╭──

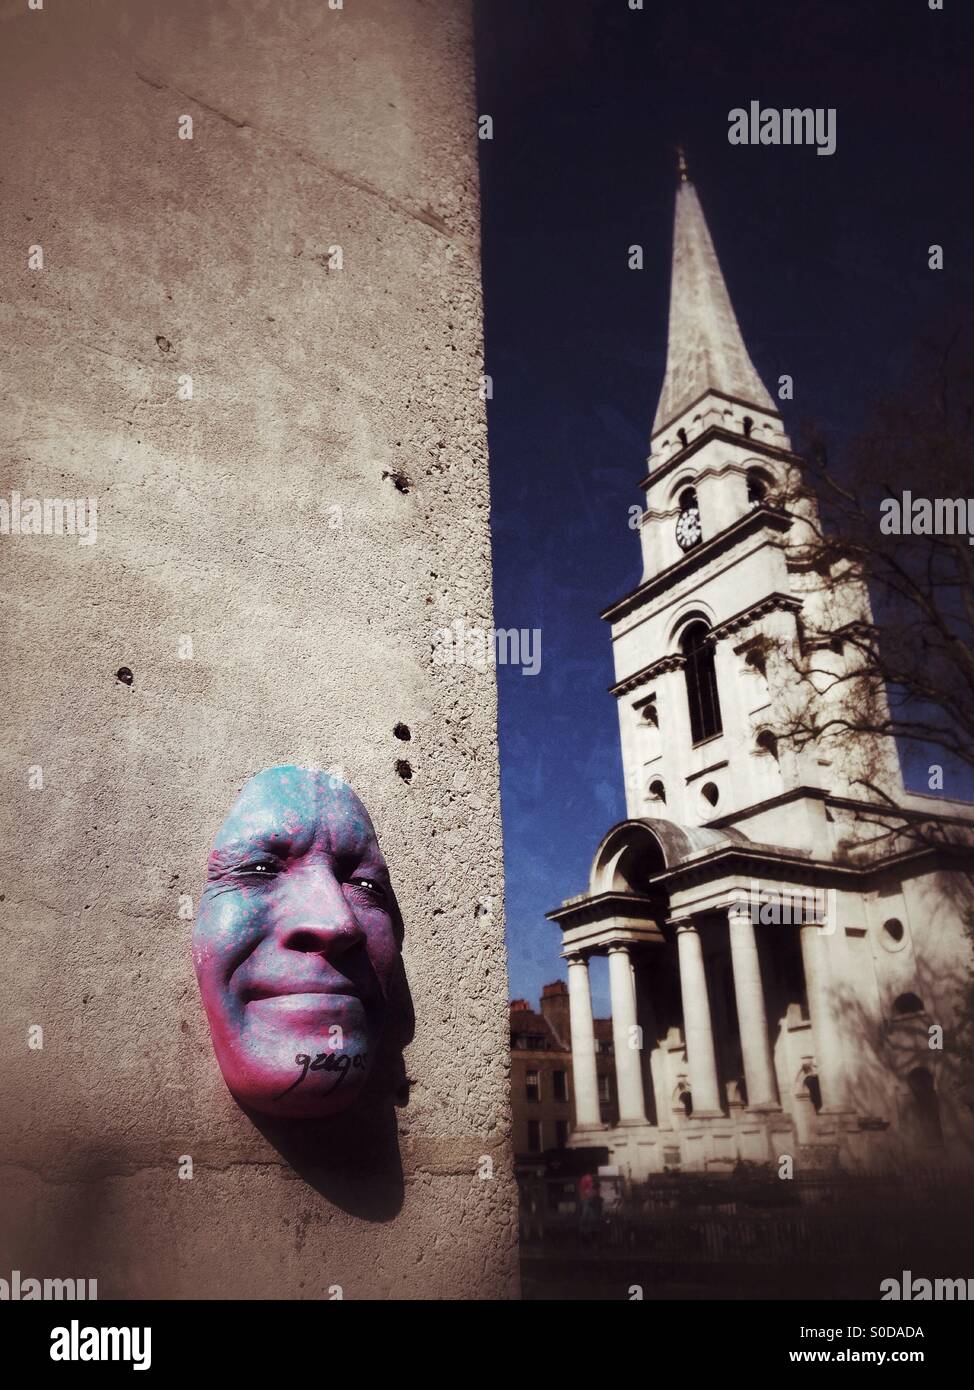 Face sculpture de l'artiste de rue française Gregos avec Christ Church Spitalfields en arrière-plan. Spitalfields, Londres. UK. Banque D'Images
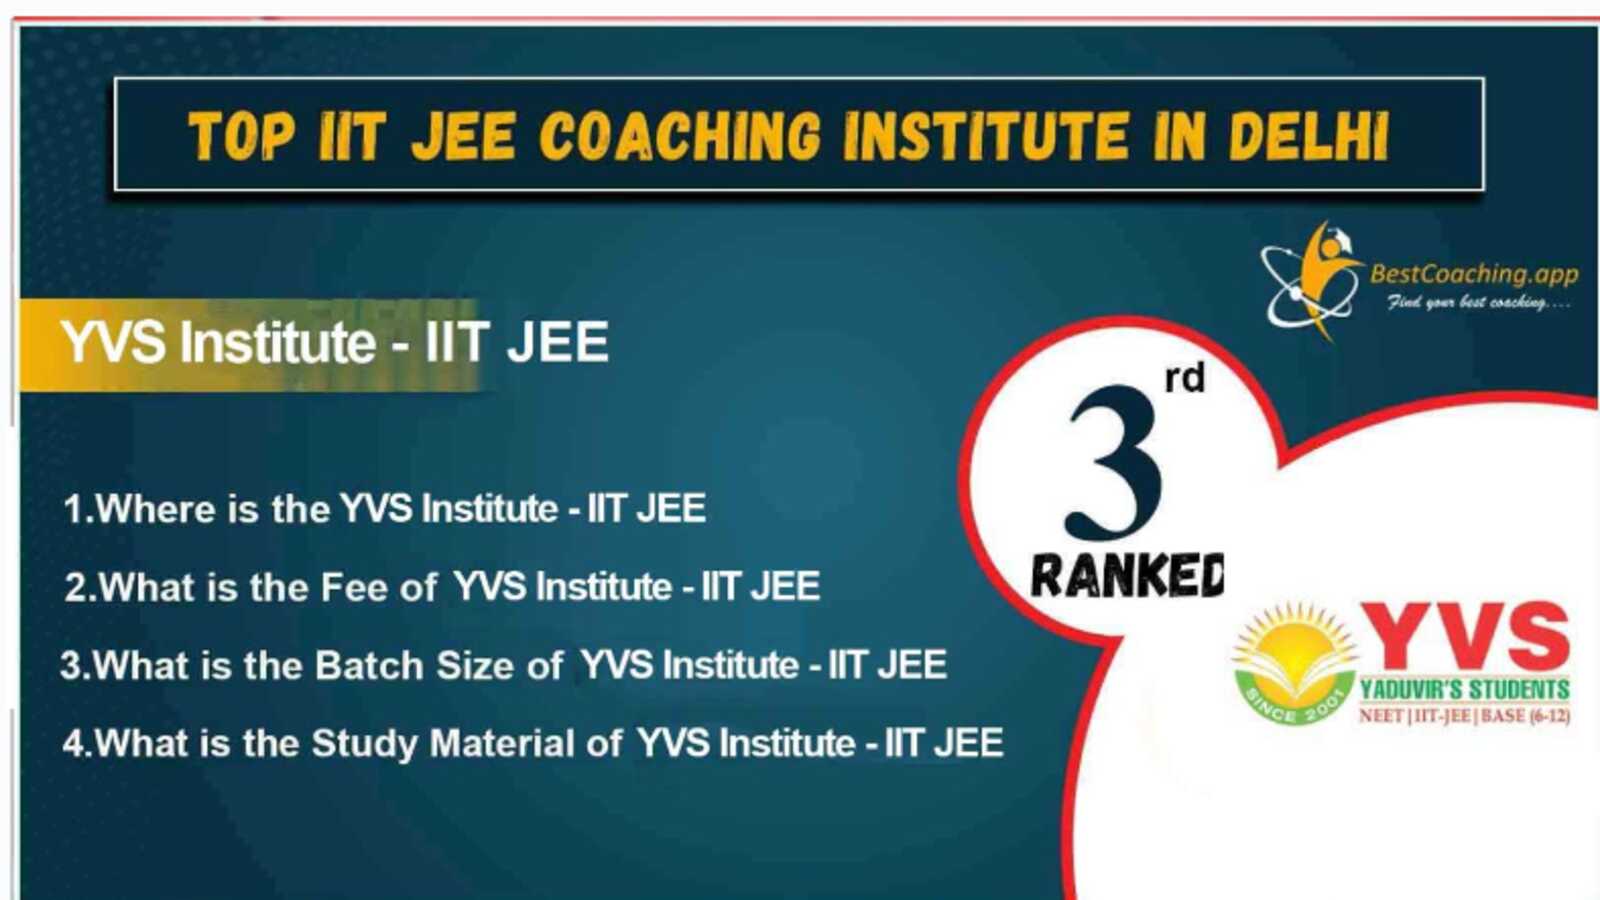 Top IIT Coaching Institute in Delhi
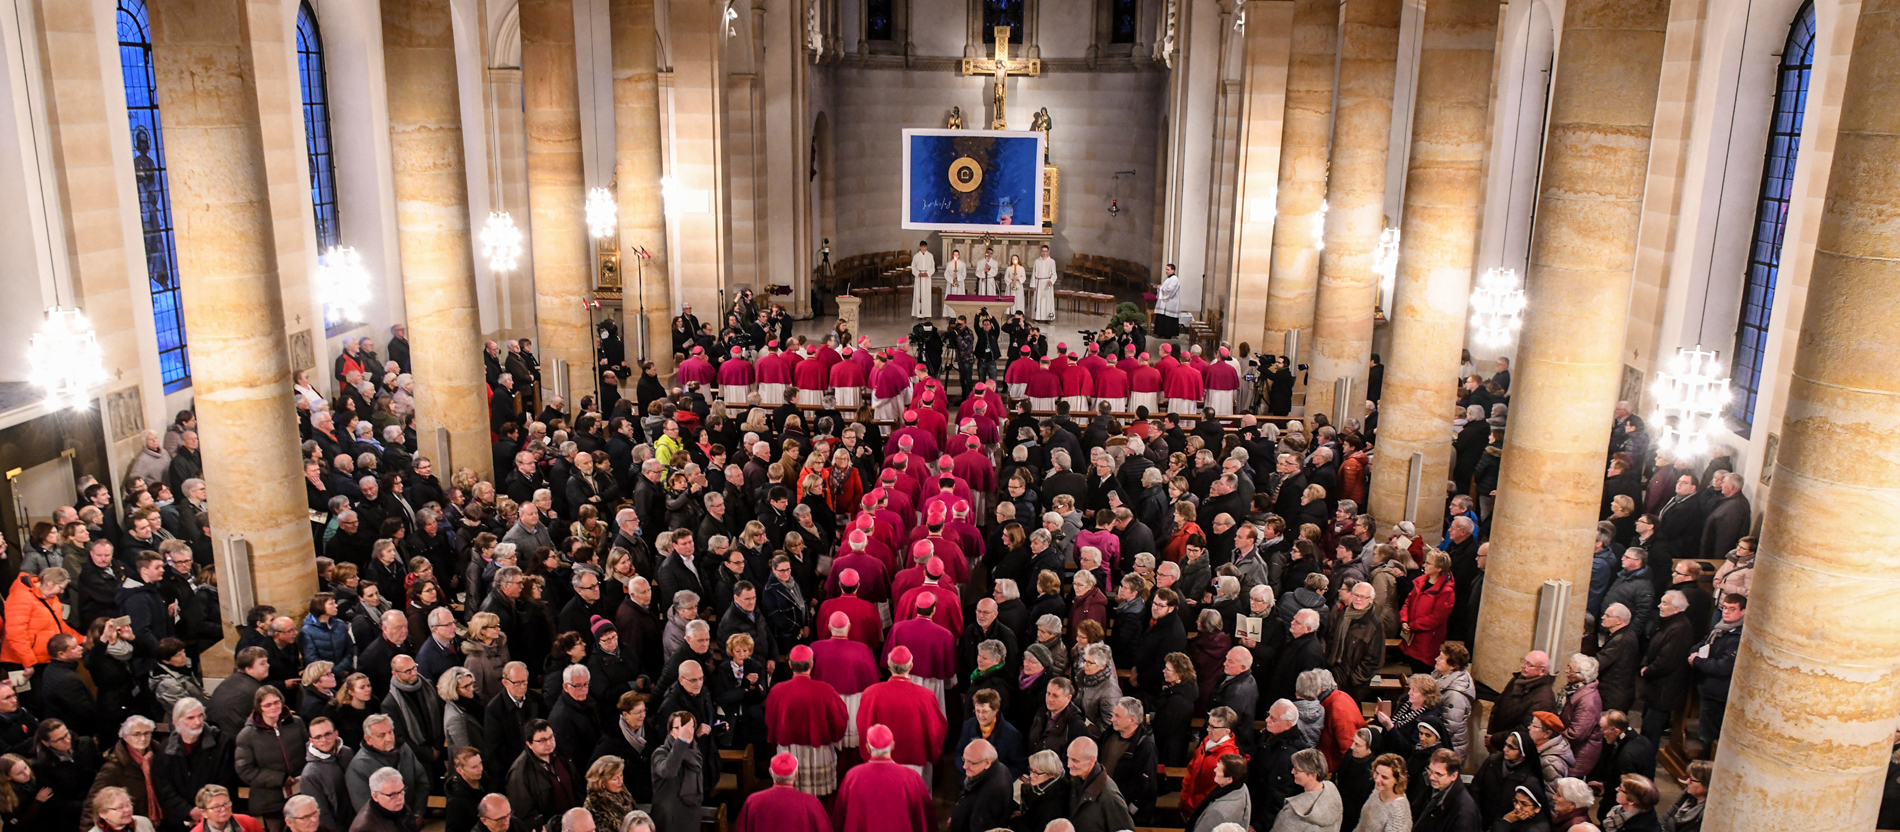 Biskupi u Njemačkoj se zajedničkom izjavom distancirali od desnog ekstremizma

╰──

## Problem to work on
Extract every line of the data exactly; pictures stay out.

## Answer for this exercise
 Face sculpture de l'artiste de rue française Gregos avec Christ Church Spitalfields en arrière-plan. Spitalfields, Londres. UK. Banque D'Images
 Top IIT Coaching Institute in Delhi
 Biskupi u Njemačkoj se zajedničkom izjavom distancirali od desnog ekstremizma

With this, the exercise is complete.